I saw from his manner that he was becoming restless. Perhaps we had stayed too long. Or perhaps he was bored because I spoke about an abstract thing like art.

I asked but one more question.

"Mr. Ford," I said, "I should think that when a man is very rich he might hardly know, sometimes, whether people are really his friends or whether they are cultivating him because of his money. Isn't that so?"

Mr. Ford's dry grin spread across his face. He replied with a question:

"When people come after _you_ because they want to get something out of you, don't you get their number?"

"I think I do," I answered.

"Well, so do I," said Mr.

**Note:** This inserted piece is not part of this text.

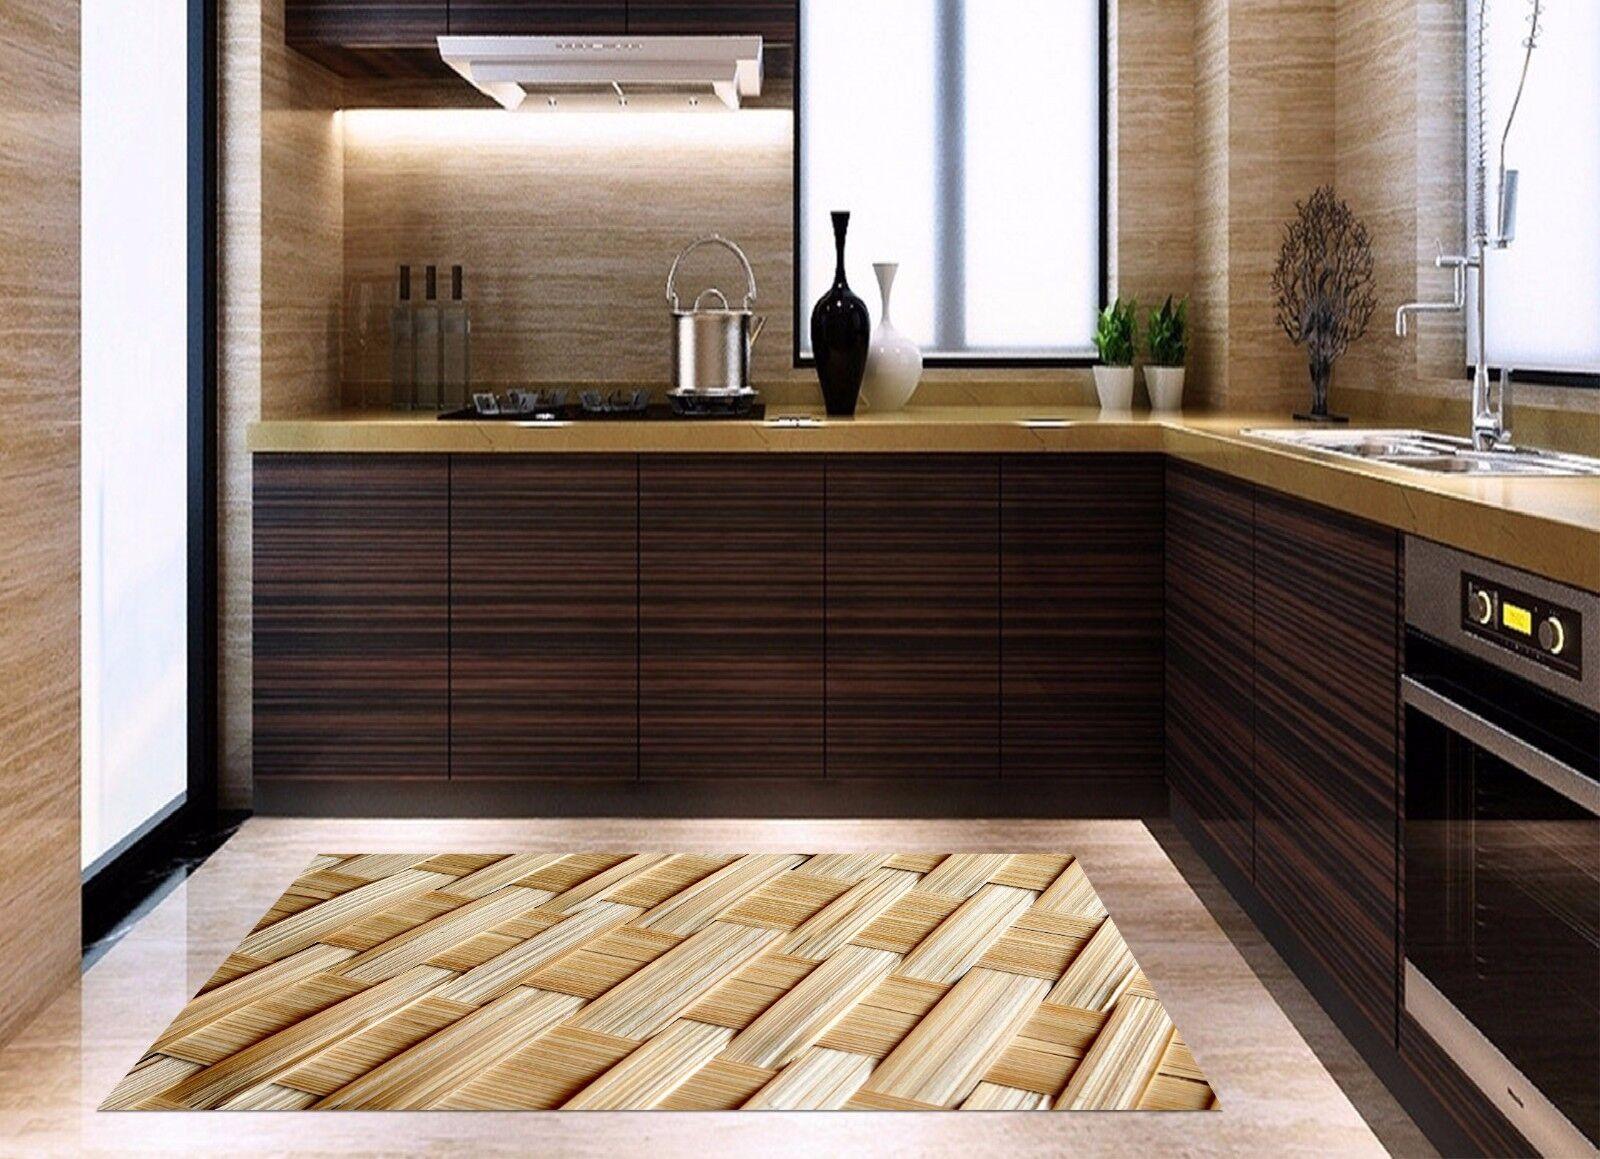 3D Bamboo Weave 2 Kitchen Mat Floor Murals Wall Print Wall Deco AJ WALLPAPER AU

Ford.

CHAPTER VIII

THE CURIOUS CITY OF BATTLE CREEK

It was on a chilly morning, not much after eight o'clock, that we left Detroit. I recall that, driving trainward, I closed the window of the taxicab; that the marble waiting room of the new station looked uncomfortably half awake, like a sleeper who has kicked the bedclothes off, and that the concrete platform outside was a playground for cold, boisterous gusts of wind.

Our train had come from somewhere else. Entering the Pullman car, we found it in its night-time aspect. The narrow aisle, made narrower by its shroud of long green curtains, and by shoes and suit cases standing beside the berths, looked cavernous and gloomy, reminding me of a great rock fissure, the entrance to a cave I had once seen. Like a cave, too, it was cold with a musty and oppressive cold; a cold which embalmed the mingling smells of sleep and sleeping car--an odor as of Russia leather and banana peel ground into a damp pulp.

Silently, gloomily, without removing our overcoats or gloves, we seated ourselves, gingerly, upon the bright green plush of the section nearest to the door, and tried to read our morning papers. Presently the train started. A thin, sick-looking Pullman conductor came and took our tickets, saying as few words as possible. A porter, in his sooty canvas coat, sagged miserably down the aisle. Also a waiter from the dining car, announcing breakfast in a cheerless tone. Breakfast! Who could think of breakfast in a place like that? For a long time, we sat in somber silence, without interest in each other or in life.